Generate the top N principal components of the encoded representation of the input data for both the sudden and gradual datasets during the anomalous periods for each of the respective datasets.

In [30]:
sudden_anomalies = sudden_df.loc[lambda d: (d.date.dt.year == 2019) & (d.date.dt.month == 5), :]

gradual_anomalies = gradual_df.loc[lambda d: (d.date.dt.year == 2019) & 
                                   ((d.date.dt.month == 5) | (d.date.dt.month == 6) | 
                                    (d.date.dt.month == 7)), :]
sudden_anomalies_encoded = encoder_model.predict(clf.transform(sudden_anomalies[feature_cols]))
gradual_anomalies_encoded = encoder_model.predict(clf.transform(gradual_anomalies[feature_cols]))
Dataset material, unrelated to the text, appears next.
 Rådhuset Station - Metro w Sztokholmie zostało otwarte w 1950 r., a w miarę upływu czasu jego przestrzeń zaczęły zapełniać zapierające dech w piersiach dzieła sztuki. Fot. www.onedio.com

Generate principal components for **N = [2, 3, 4, 5]**

In [31]:
pca_components = [2, 3, 4, 5]
sudden_anomalies_pca = []
gradual_anomalies_pca = []

def pca_analysis(input, results, anomaly_type):
    for comp in pca_components: 
        pca = PCA(n_components = comp)
        pca_result = pca.fit_transform(input)
        print('{} - Cumulative explained variation for {} principal components: {}'.format(
            anomaly_type, comp, np.sum(pca.explained_variance_ratio_)))
        results.append(pca_result)

pca_analysis(sudden_anomalies_encoded, sudden_anomalies_pca, 'Sudden anomalies')
pca_analysis(gradual_anomalies_encoded, gradual_anomalies_pca, 'Gradual anomalies')
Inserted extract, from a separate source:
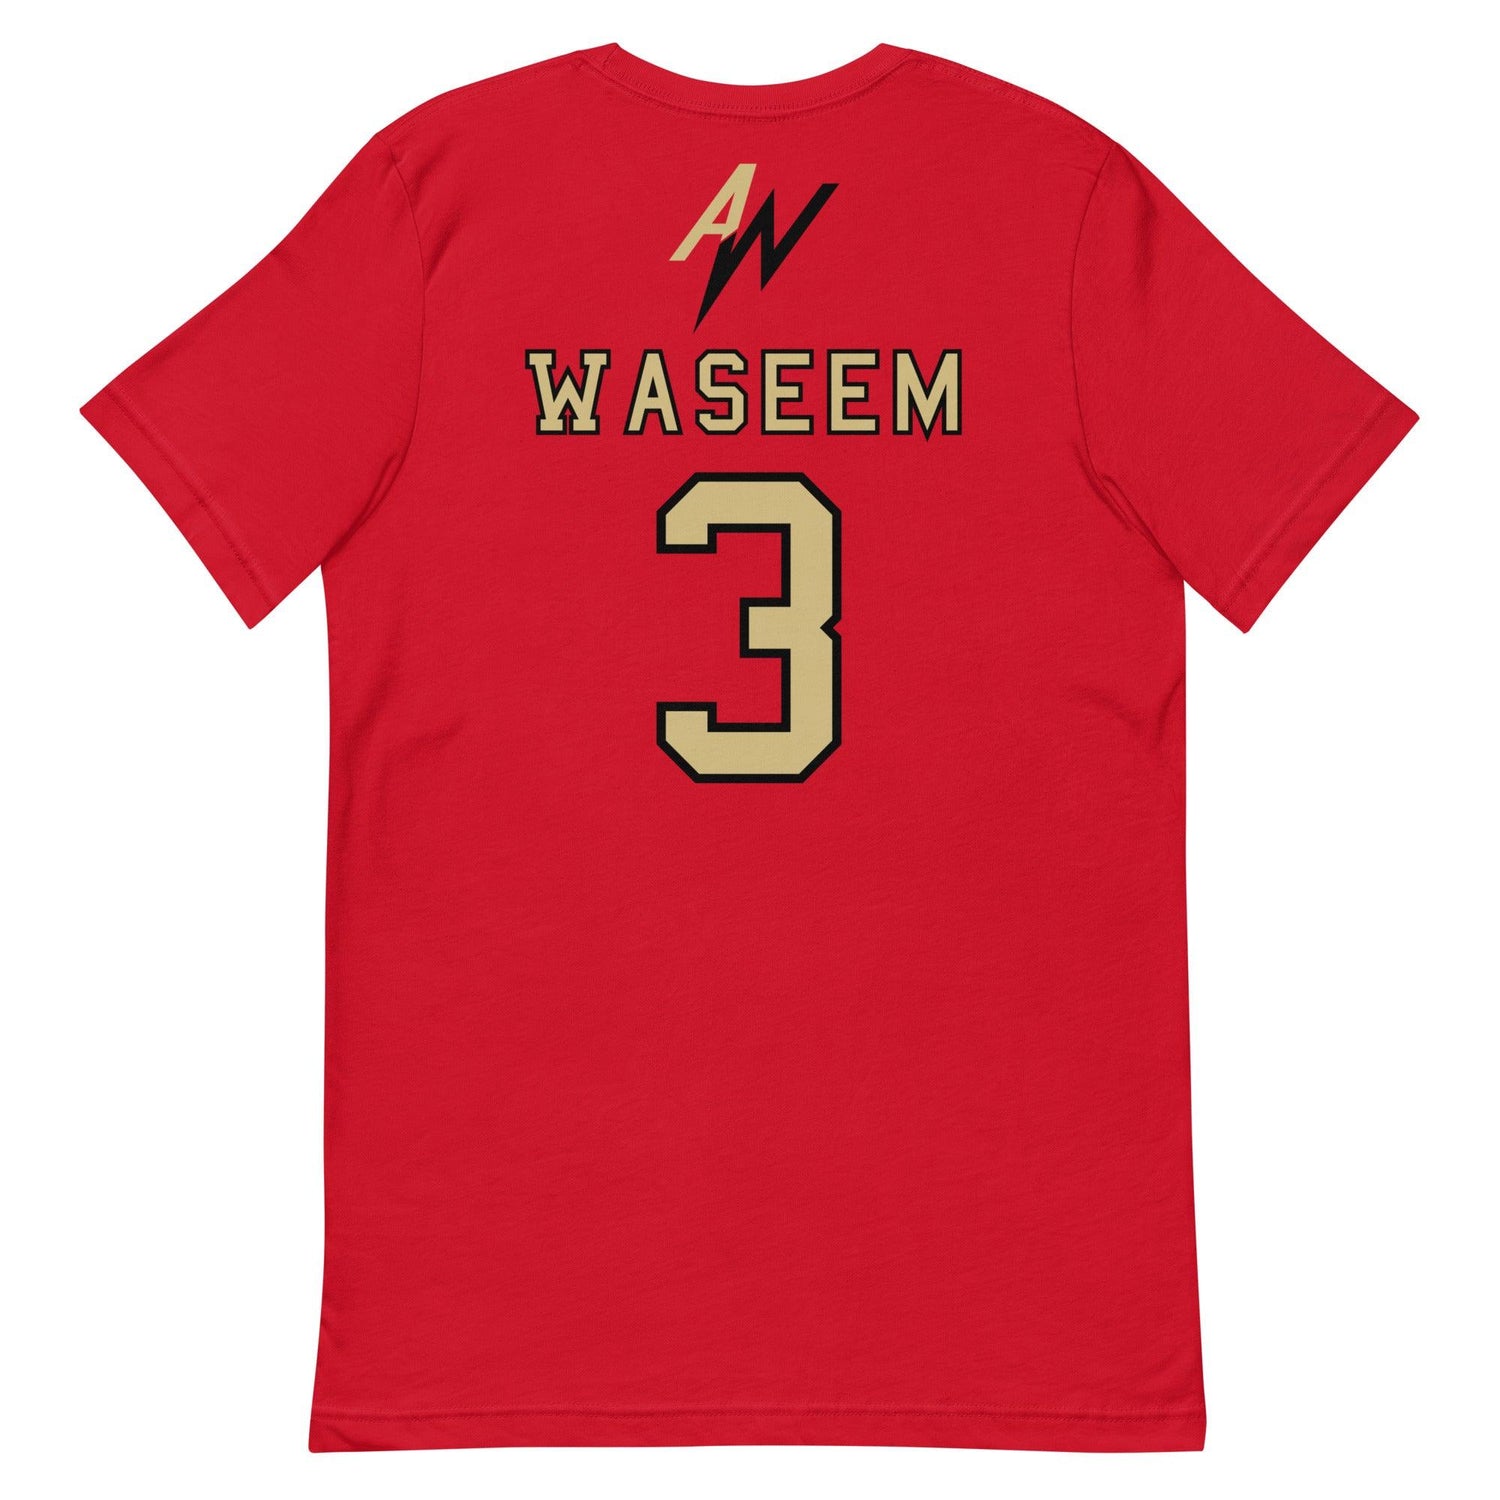 Asaad Waseem "Jersey" t-shirt - Fan Arch

Sudden anomalies - Cumulative explained variation for 2 principal components: 0.9961084723472595
Sudden anomalies - Cumulative explained variation for 3 principal components: 0.9999396204948425
Sudden anomalies - Cumulative explained variation for 4 principal components: 0.9999906420707703
Sudden anomalies - Cumulative explained variation for 5 principal components: 0.9999988675117493
Gradual anomalies - Cumulative explained variation for 2 principal components: 0.9979403018951416
Gradual anomalies - Cumulative explained variation for 3 principal components: 0.9992831349372864
Gradual anomalies - Cumulative explained variation for 4 principal components: 0.9998731017112732
Gradual anomalies - Cumulative explained variation for 5 principal components: 0.9999879598617554


### Visualize the Principal Components for N = 3

Visualize the top 3 principal components of the encoded representation of the input data.
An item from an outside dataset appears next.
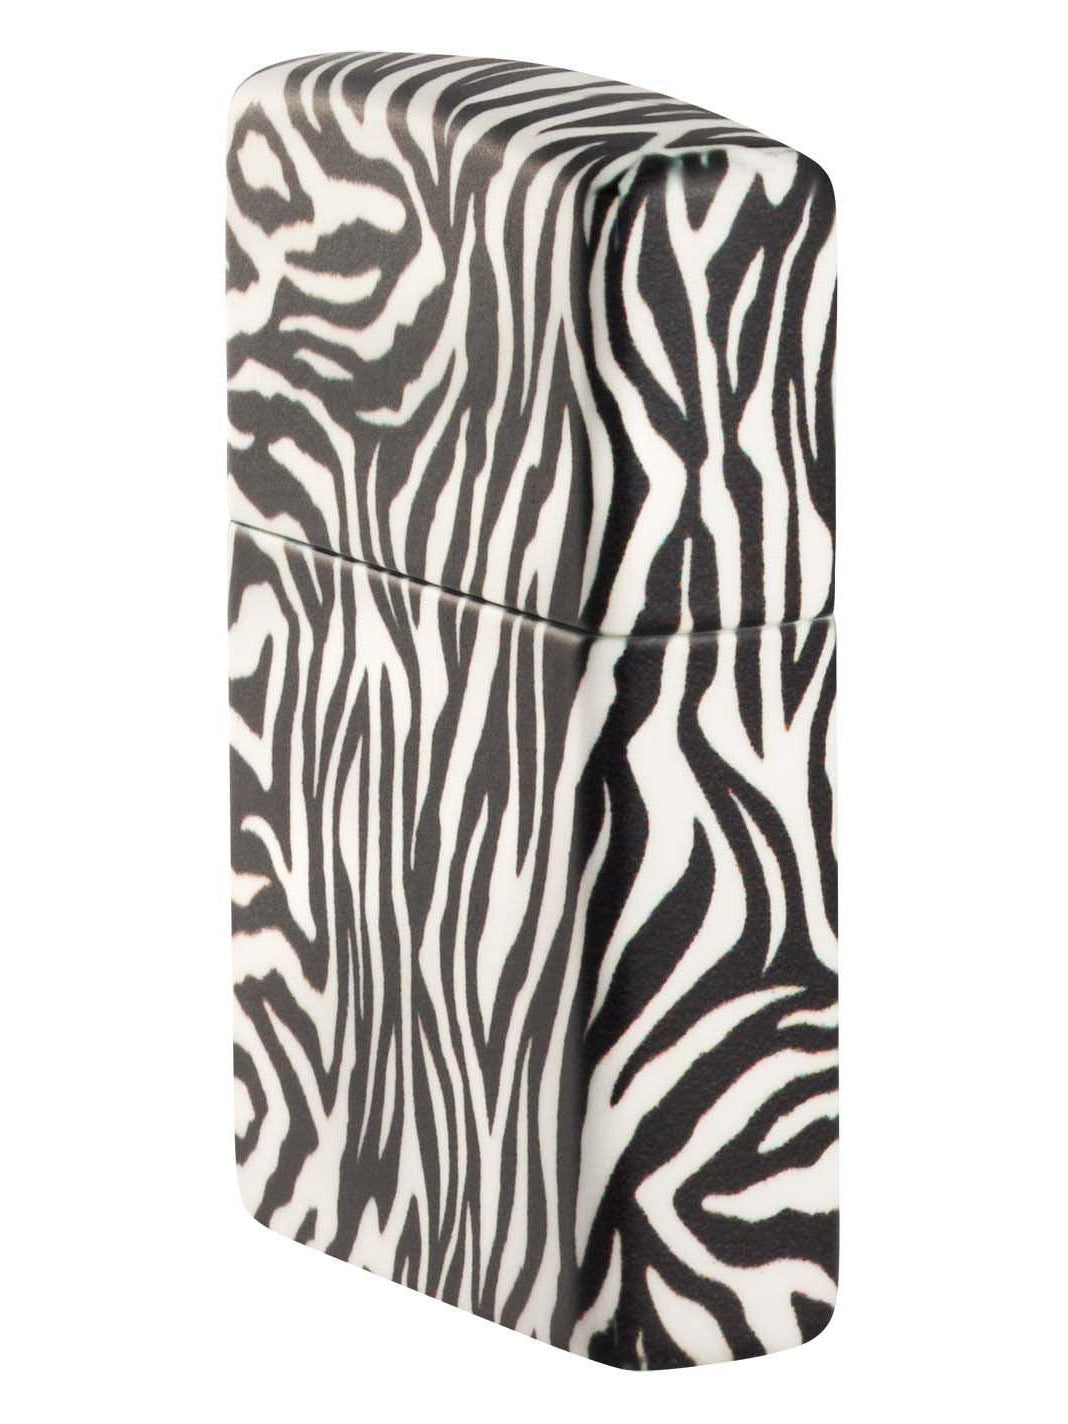 Zippo Lighter: Zebra Print - 540 Color 48223

The 3-D plots show a clean separation between normal and anomalous points in the sudden dataset, whereas, for the gradual dataset you see a gradual separation at first then followed by a clean separation between the normal and anomalous points.

In [49]:
X_embedded1 = pd.DataFrame(sudden_anomalies_pca[1], columns=['X','Y', 'Z'])
X_embedded1['State'] = np.where(sudden_anomalies.anomaly_std, 'Failure', 'Normal')

X_embedded2 = pd.DataFrame(gradual_anomalies_pca[1], columns=['X','Y', 'Z'])
X_embedded2['State'] = np.where(gradual_anomalies.anomaly_cc, 'Failure', 'Normal')

from mpl_toolkits.mplot3d import Axes3D
fig = plt.figure(figsize=(10, 5))
ax1 = fig.add_subplot(121, projection='3d')
ax2 = fig.add_subplot(122, projection='3d')

ax1.set_title('Sudden anomalies readings', y=-0.12)
ax2.set_title('Gradual anomalies readings', y=-0.12)

colors_1 = ['red' if value == 'Failure' else 'blue' for value in X_embedded1.State.values]
ax1.scatter(X_embedded1.X.values, X_embedded1.Y.values, X_embedded1.Z.values, c=colors_1)

colors_2 = ['red' if value == 'Failure' else 'blue' for value in X_embedded2.State.values]
ax2.scatter(X_embedded2.X.values, X_embedded2.Y.values, X_embedded2.Z.values, c=colors_2)
#start, end = ax2.get_xlim()
#start, end = ax2.get_ylim()
ax2.xaxis.set_ticks(np.arange(-.7, 1.2, 0.4))
ax2.yaxis.set_ticks(np.arange(-.8, 0.8, 0.3))

from matplotlib.patches import Patch
from matplotlib.lines import Line2D

legend_elements = [Line2D([0], [0], marker='o', color='w', label='Normal', markerfacecolor='b', markersize=5), 
                  Line2D([0], [0], marker='o', color='w', label='Anomaly', markerfacecolor='r', markersize=5)]

ax1.legend(handles=legend_elements, loc='upper left', frameon=False)
ax2.legend(handles=legend_elements, loc='upper left', frameon=False)

plt.show()

<IPython.core.display.Javascript object>